Elective cardioversion is similar to defibrillation except that the electrical stimulation waits to discharge until an R wave appears. The nurse knows elective cardioversion prevents what?

Correct response: Disrupting the heart during the critical period of ventricular repolarization. Explanation: It is similar to defibrillation. One difference is that the machine that delivers the electrical stimulation waits to discharge until it senses the appearance of an R wave. By doing so, the machine prevents disrupting the heart during the critical period of ventricular repolarization

Two nursing students are reading EKG strips. One of the students asks the instructor what the P-R interval represents. The correct response should be which of the following?

Correct response: "It shows the time needed for the SA node impulse to depolarize the atria and travel through the AV node." Explanation: The PR interval is measured from the beginning of the P wave to the beginning of the QRS complex and represents the time needed for sinus node stimulation, atrial depolarization, and conduction through the AV node before ventricular depolarization. In a normal heart the impulses do not travel backward. The PR interval does not include the time it take to travel through the Purkinje fibers.

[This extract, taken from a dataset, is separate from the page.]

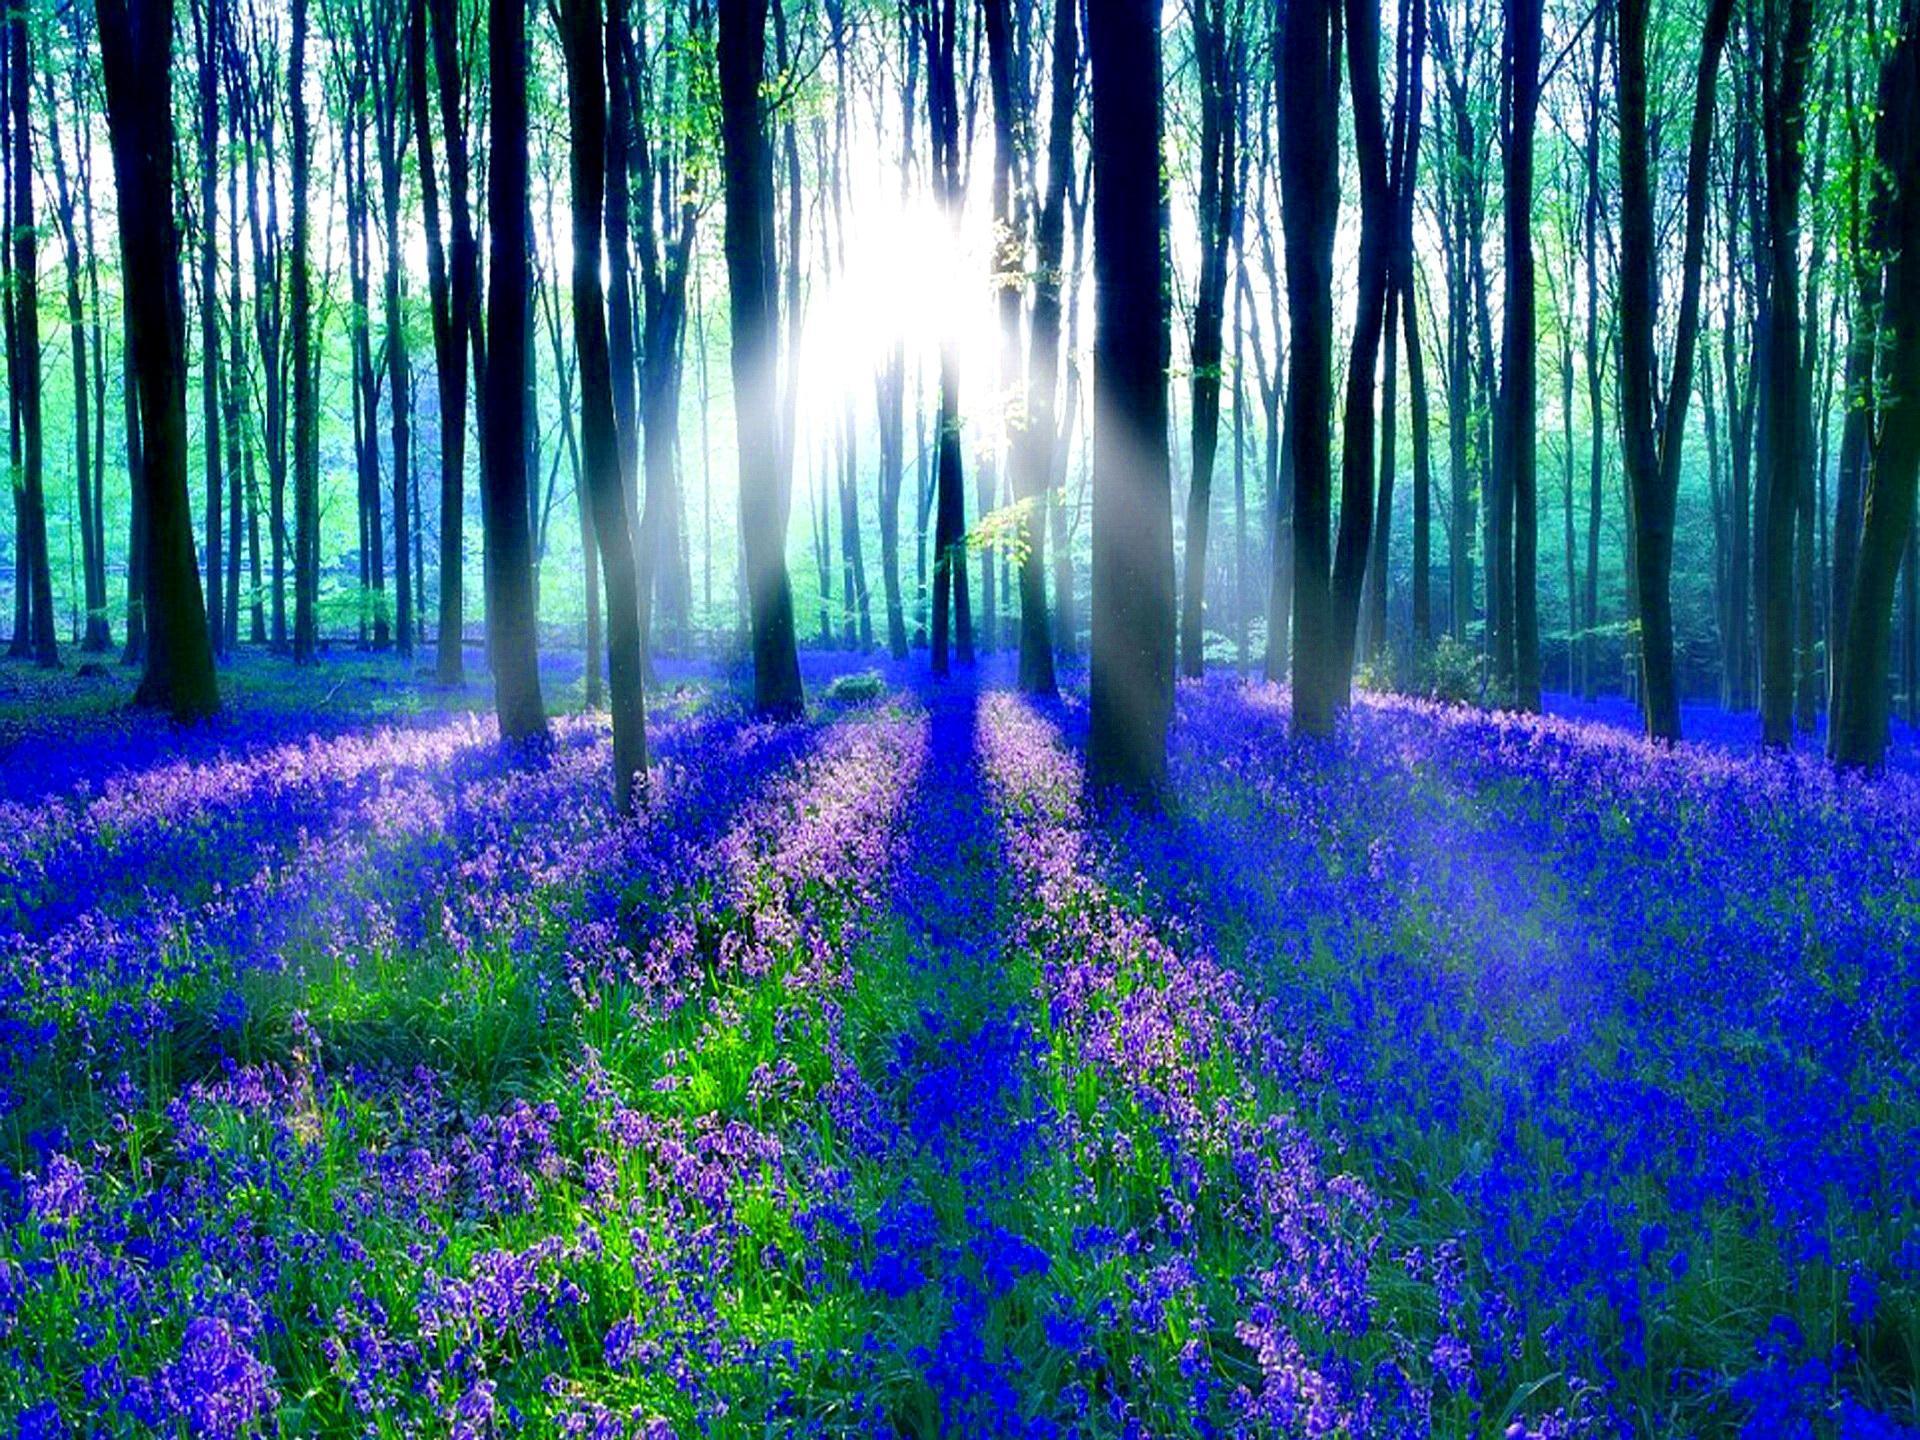 Bluebell Wood HD desktop wallpaper : Widescreen : High Definition : Fullscreen

The nurse receives a telephone call from a client with an implanted pacemaker who reports a pulse of 68 beats per minute, but the pacemaker rate is set at 72 beats per minute. What is the nurse's best response?

Correct response: "Please come to the clinic right away so that we may interrogate the pacemaker to see if it is malfunctioning." Explanation: A client experiencing pacemaker malfunctioning may develop bradycardia as well as signs and symptoms of decreased cardiac output. The client should check the pulse daily and report immediately any sudden slowing or increasing of the pulse rate, which may indicate pacemaker malfunction. The client needs to be evaluated to avoid cardiac output problems. Walking will not keep the heart rate at a safe level.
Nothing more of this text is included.